An explanation of the parameters used is as follows:
* `-f a` indicates we performed rapid bootstrap analysis and search for best-scoring ML tree in one program run.
* `-x 61938` indicates we turned on rapid bootstrapping with a random seed of 61938.
* `-p 889575` indicates we specified a random seed of 889575 for the parsimony inferences. This is required for algorithms using some sort of randomization.
* `-#` indicates we performed 1000 pseudoreplicates for bootstrapping.
* `-k` specifies the bootstrapped trees are printed with branch lengths.
* `-m GTRGAMMA` indicates we used GTR as our model of DNA substitution, with estimated shape parameter

The tree outputted by RAxML can be found at `raxml/RAxML_bipartitionsBranchLabels.run7raxml.newick`.

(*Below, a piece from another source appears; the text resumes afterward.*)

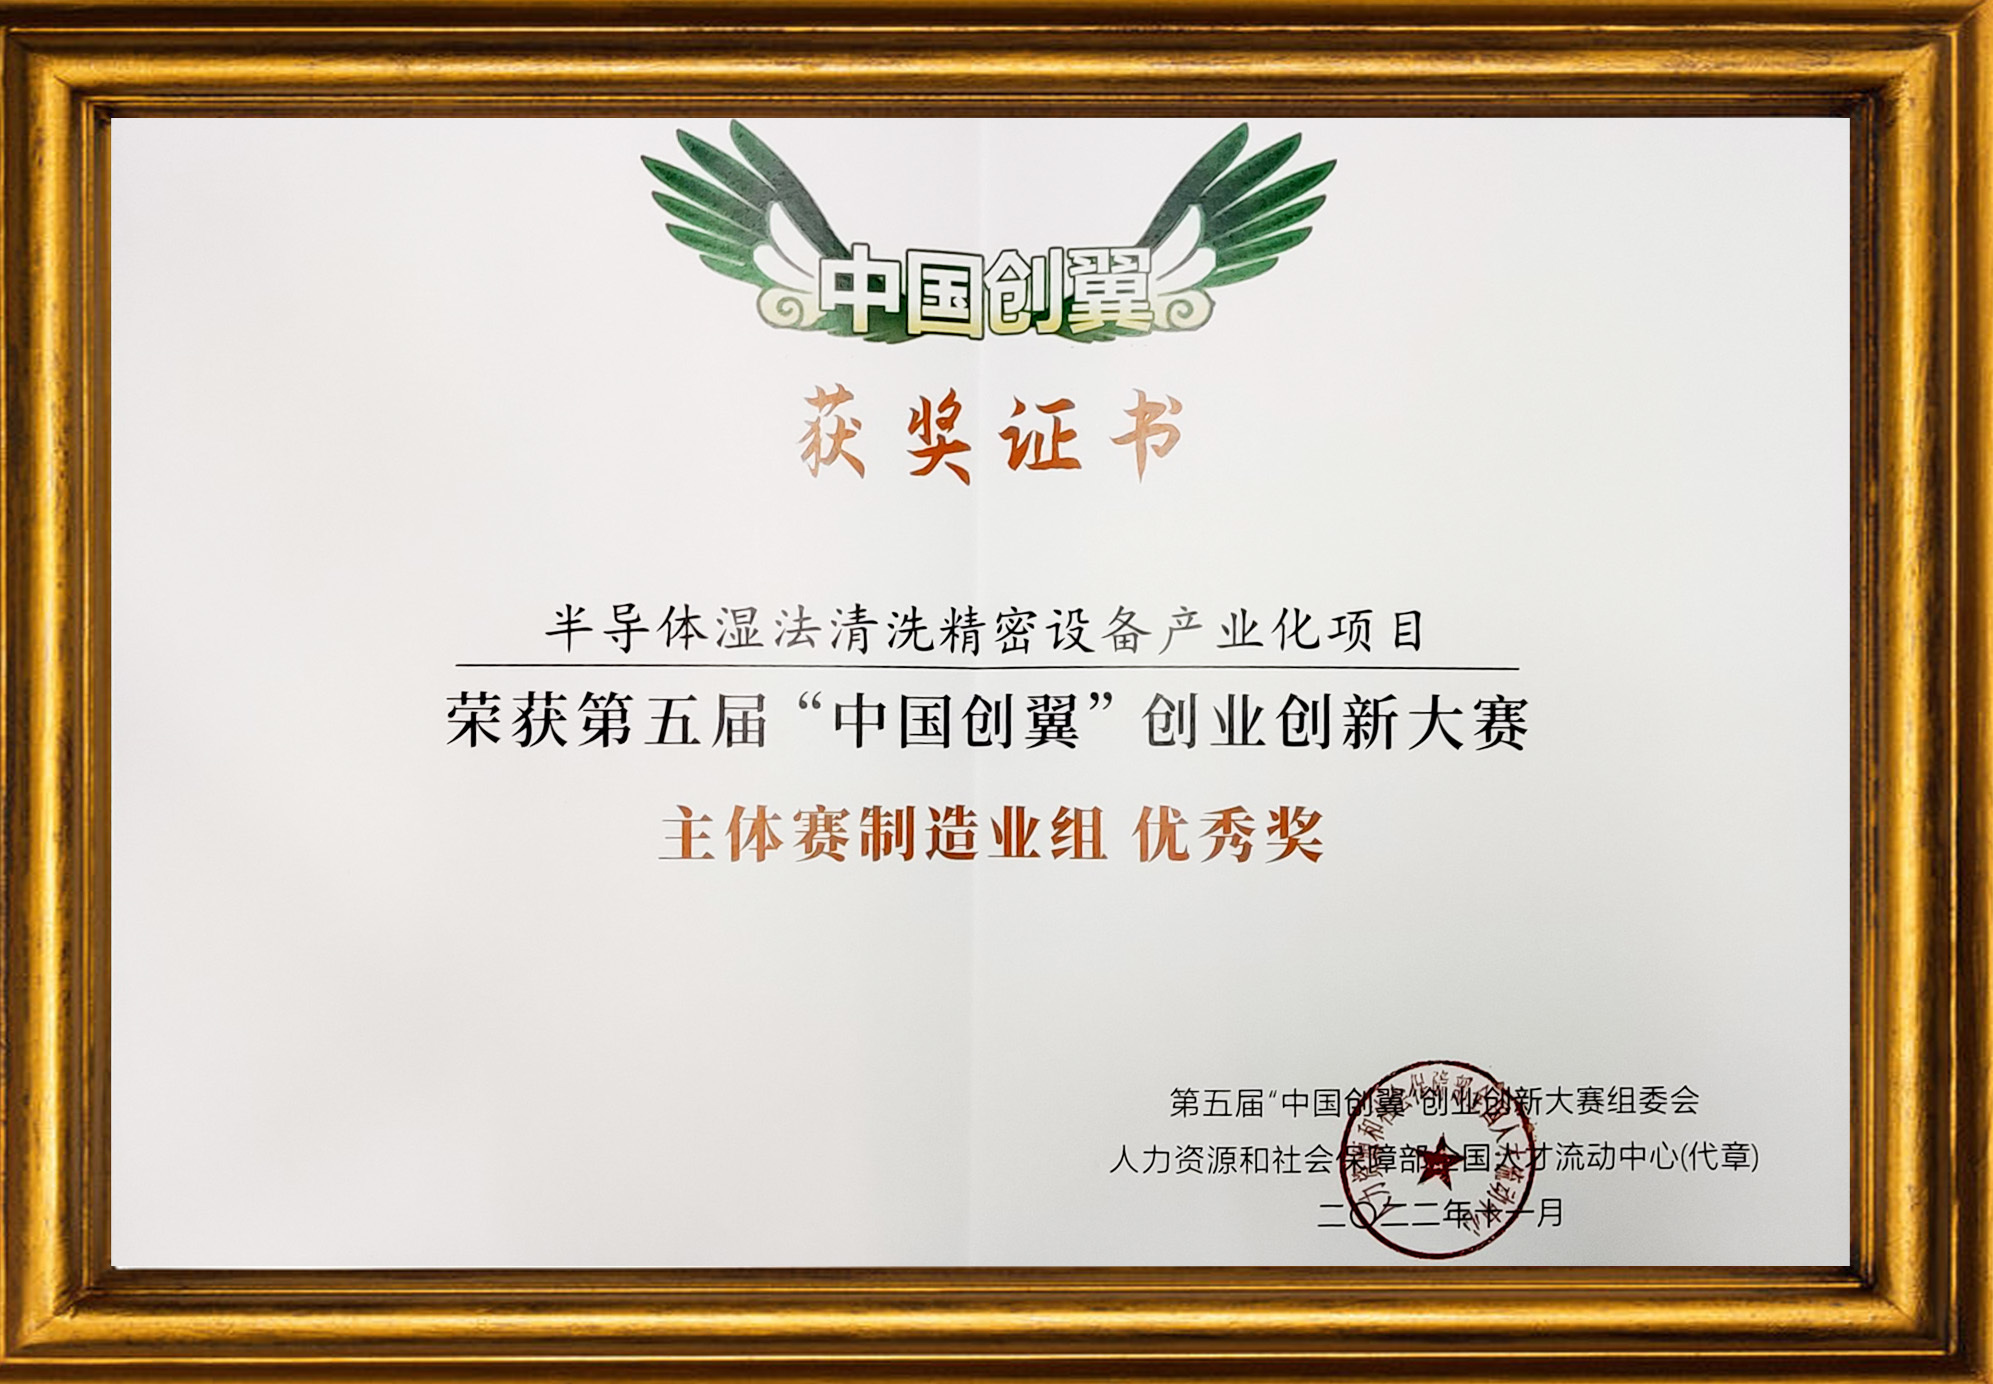 第五届“中国创翼”创业创新大赛主体赛制造业组-优秀奖荣誉证书

![Maximum likelihood tree](raxml/RAxML_bipartitionsBranchLabels.run7raxml.png)

### Finding the optimal tree distribution using Bayesian Inference ###

The BEAST XML configuration file was first constructed using `beauti` with the following settings:

*** Site Model ***
* The model of DNA substitution was set to GTR.
* The gamma category count was set to 4.
* The shape parameter was set to 4.00.
* The proportion of invariant sites was set to 0.00.
* The substitution rates parameters were all left at their defaults, with rates of 1.0 and estimated (with the exception of CT, which was the default option). 
* Frequencies were estimated.

*** Clock Model ***
* The clock model used was strict, with a clock rate of 1.0.

*** Priors ***
* The prior tree used was the Yule Model.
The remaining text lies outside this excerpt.